*Exercise objective*
What are the lines, copied exactly, from the one containing "GRUPO-MIGUEL-VERGARA-logo-positivo - Cámara" through the final line of the material? Leave the pictures out.

*Collected material*
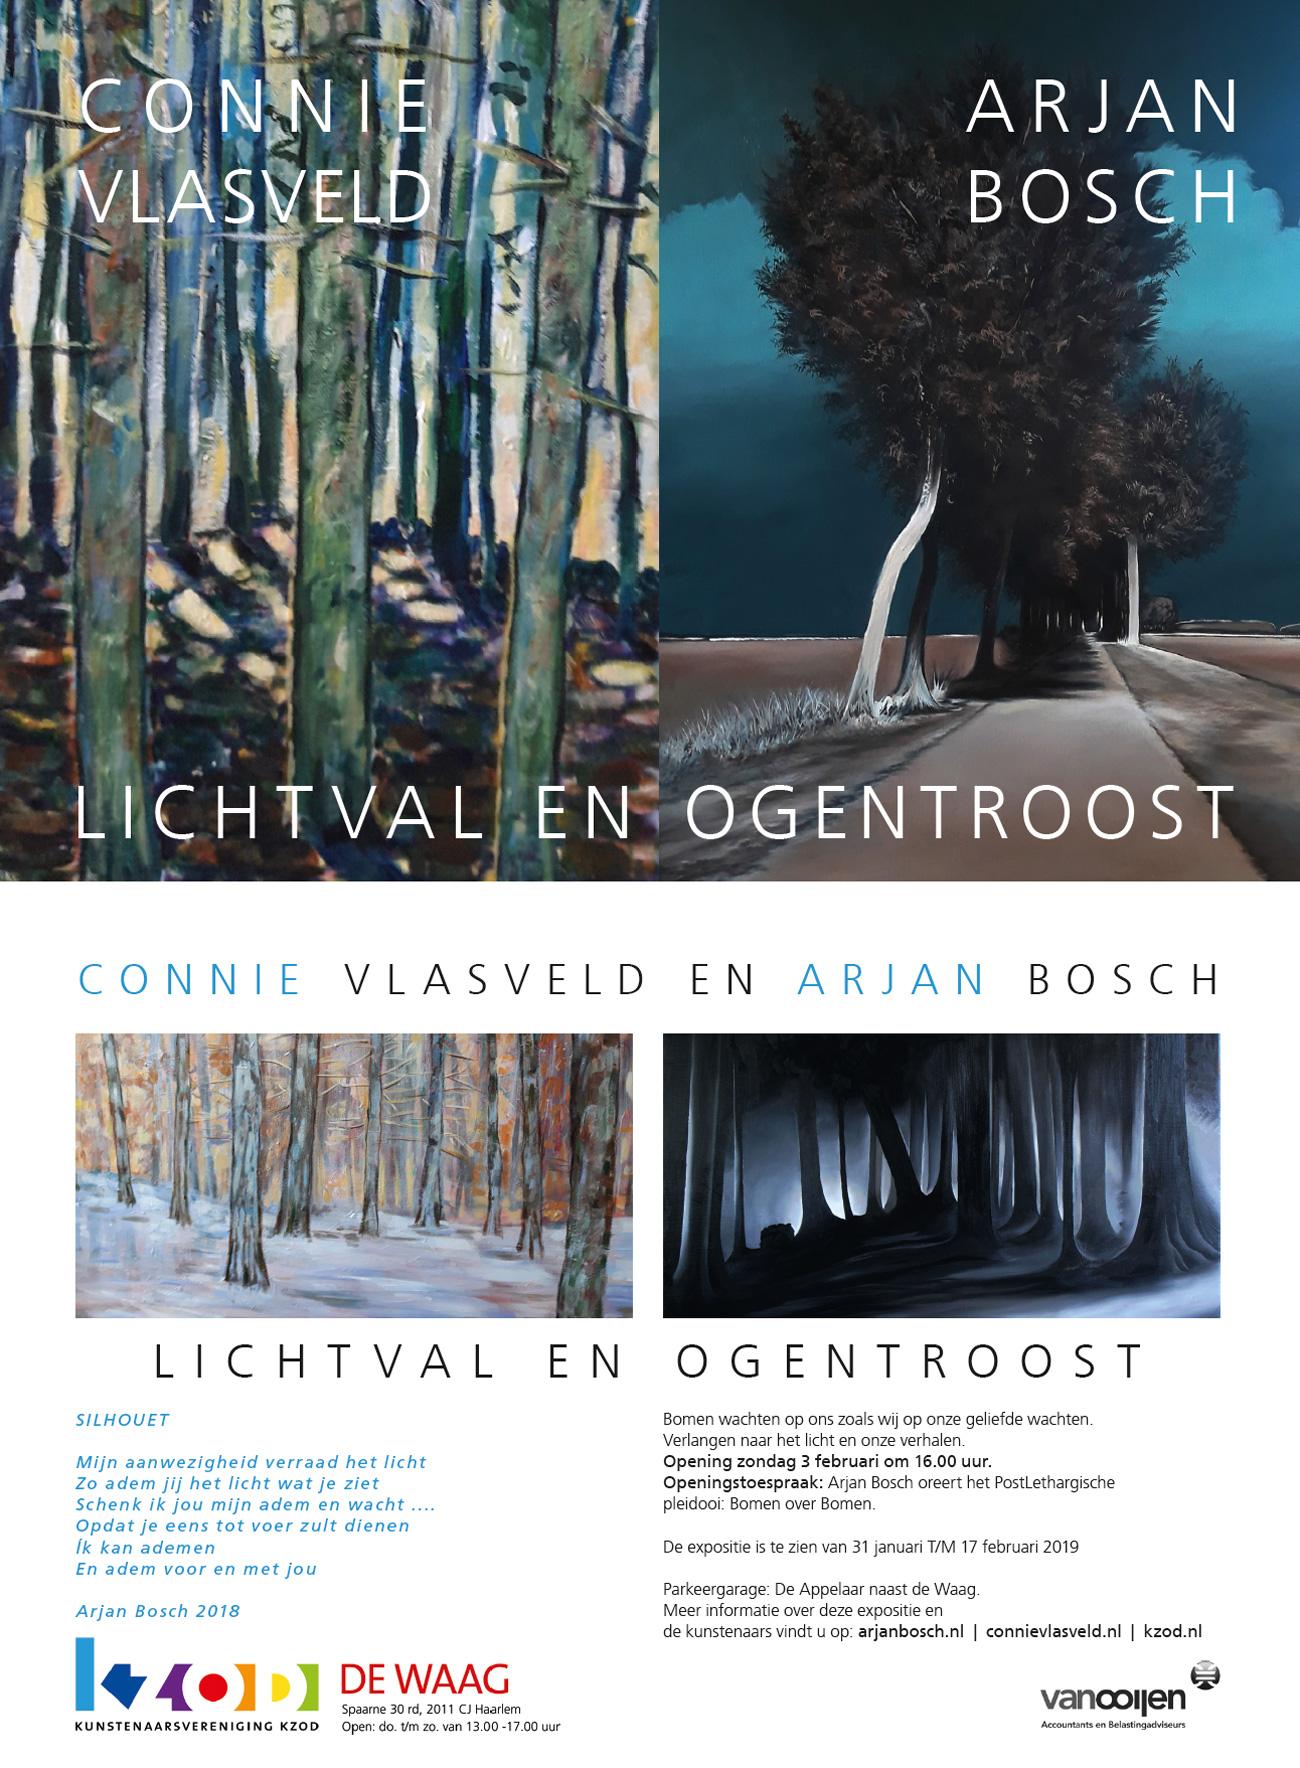 Expositie Connie Vlasveld  en Arjan Bosch | LICHTVAL EN OGENTROOST
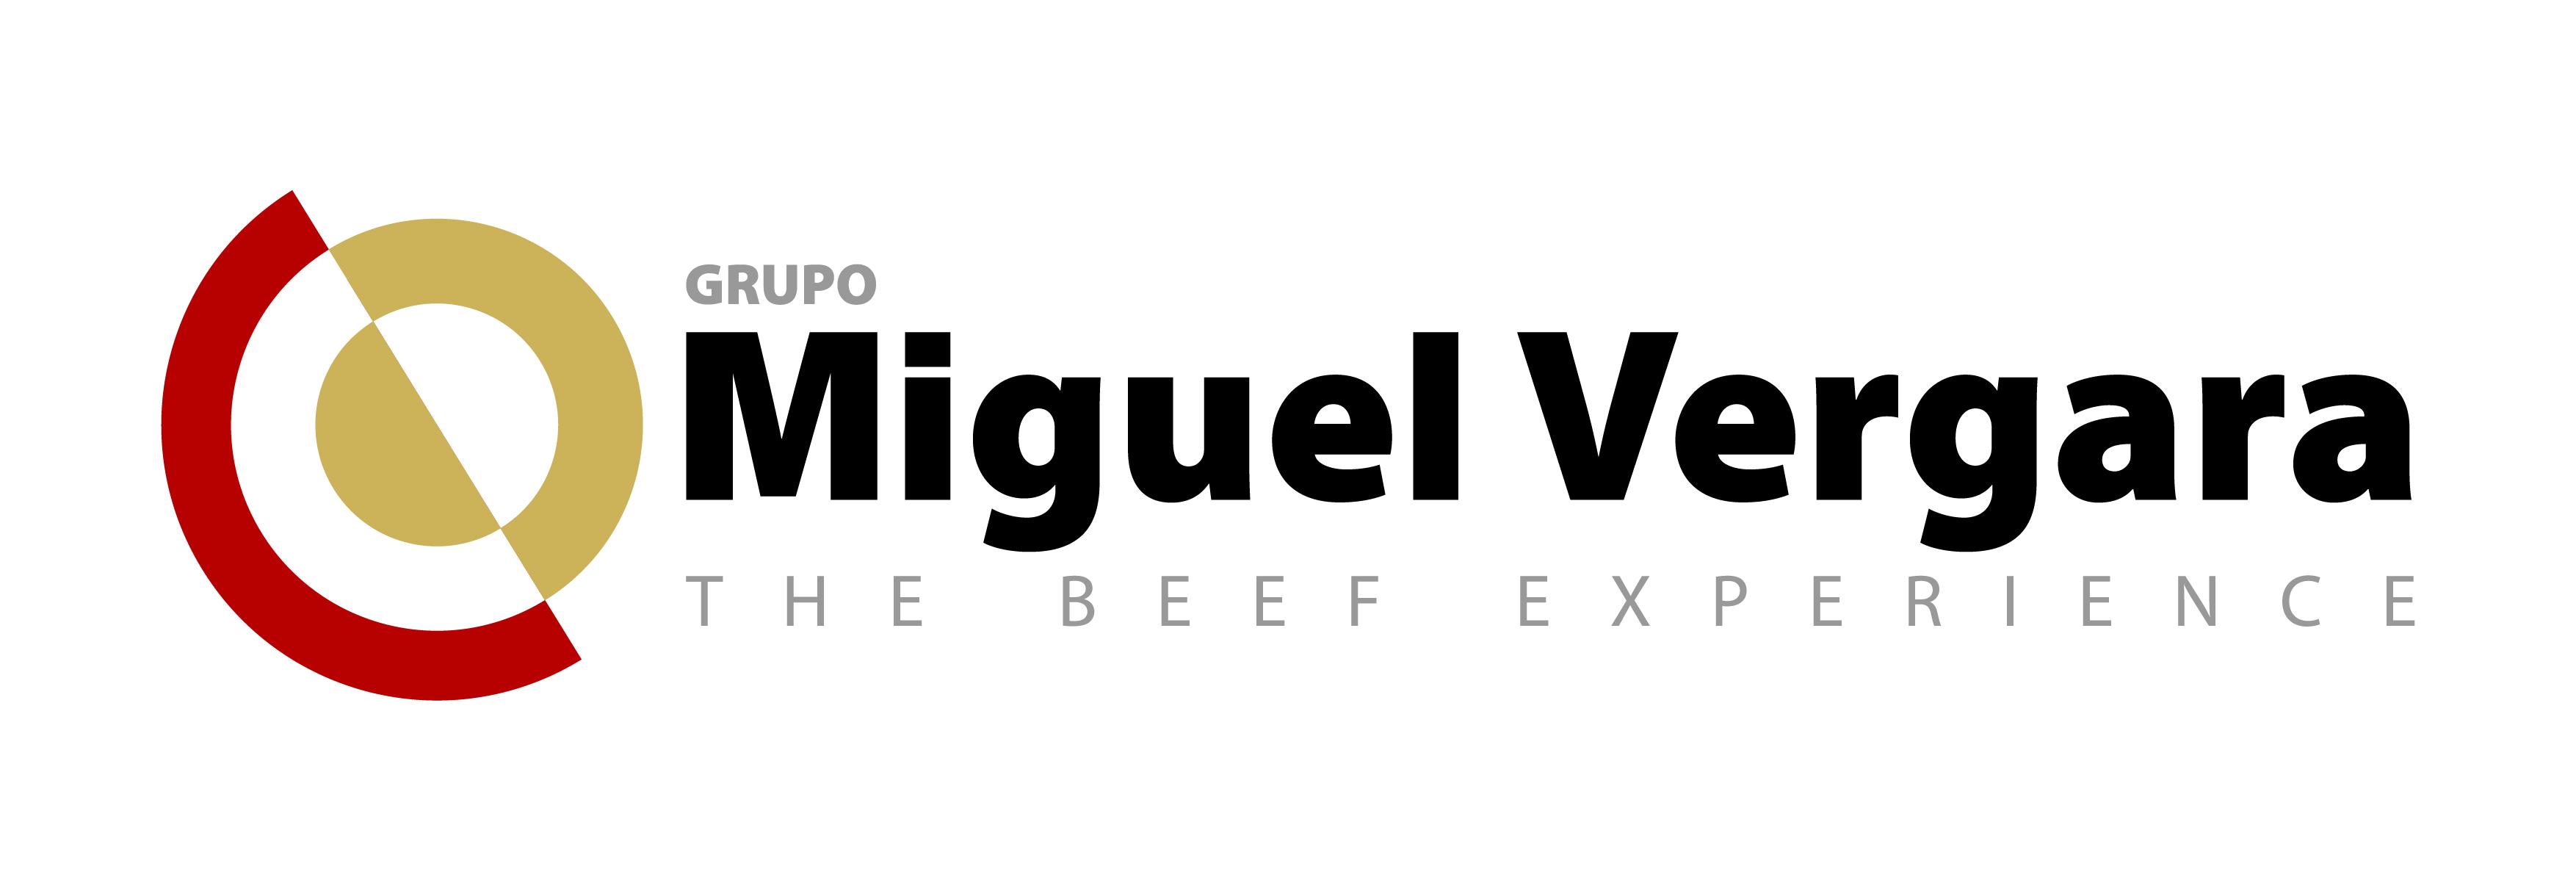 GRUPO-MIGUEL-VERGARA-logo-positivo - Cámara Valladolid
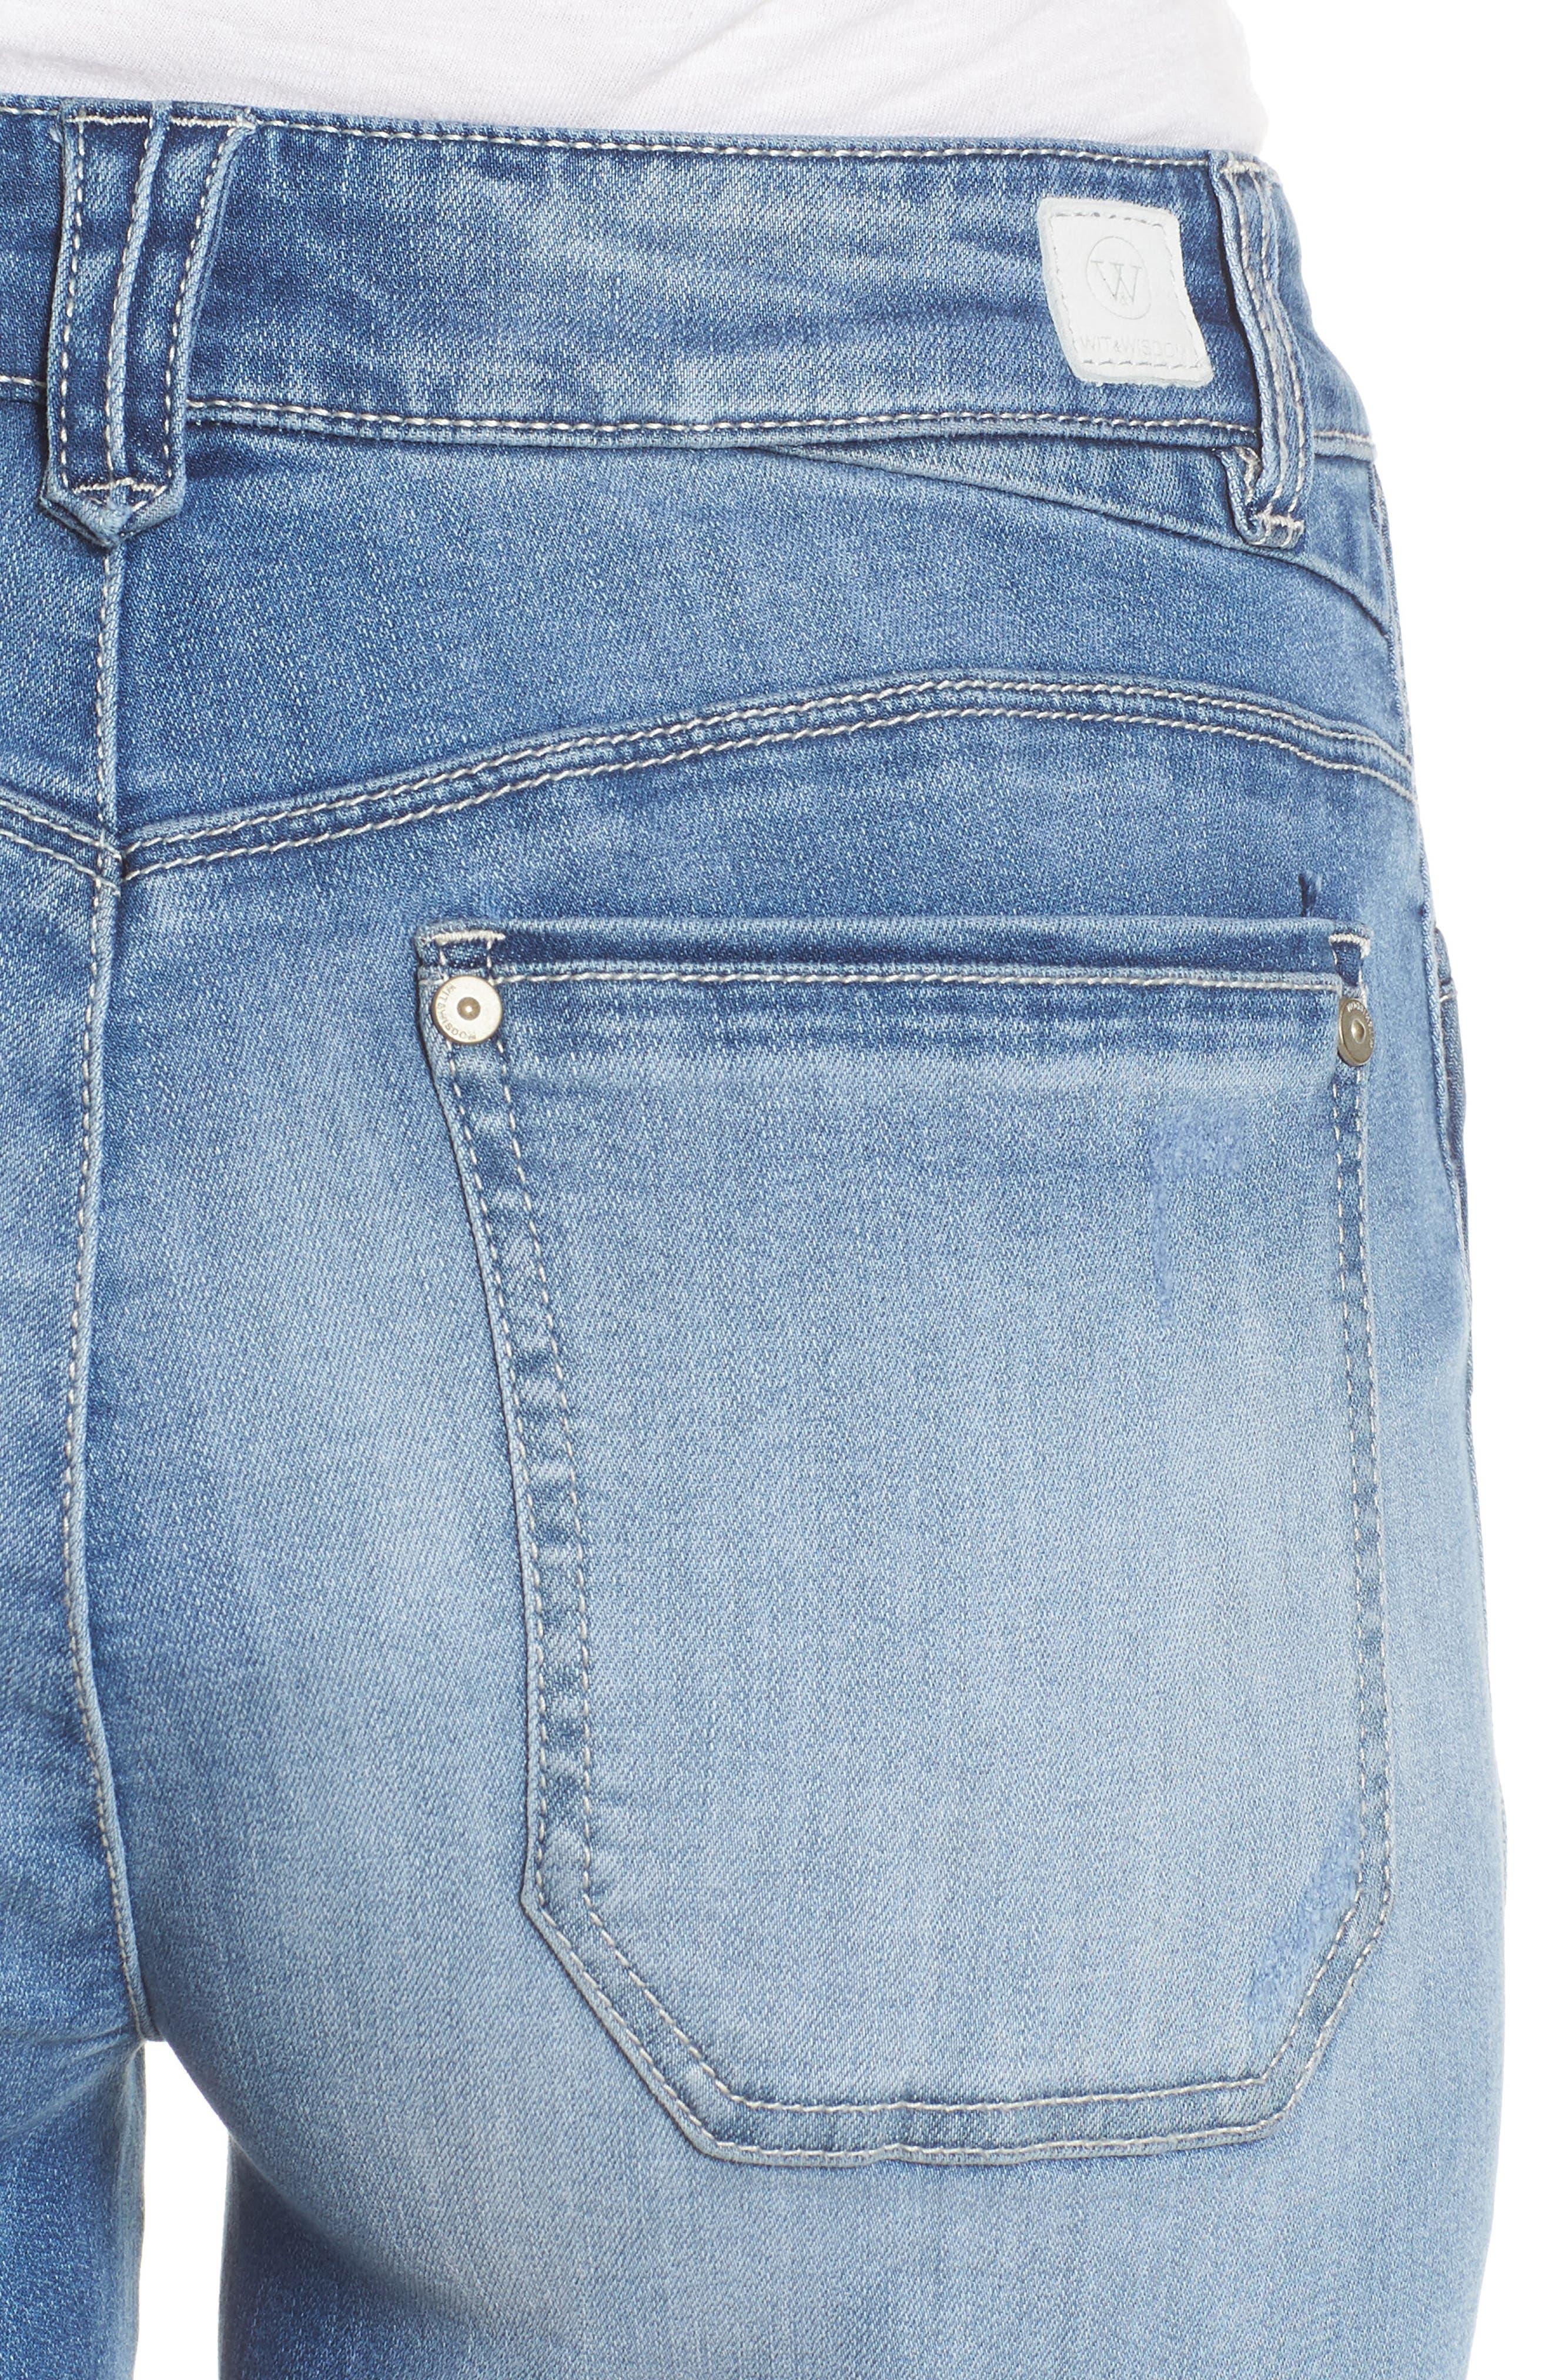 Flex-Ellent High Rise Denim Shorts,                             Alternate thumbnail 4, color,                             458

*Response*
 GRUPO-MIGUEL-VERGARA-logo-positivo - Cámara Valladolid
 Flex-Ellent High Rise Denim Shorts,                             Alternate thumbnail 4, color,                             458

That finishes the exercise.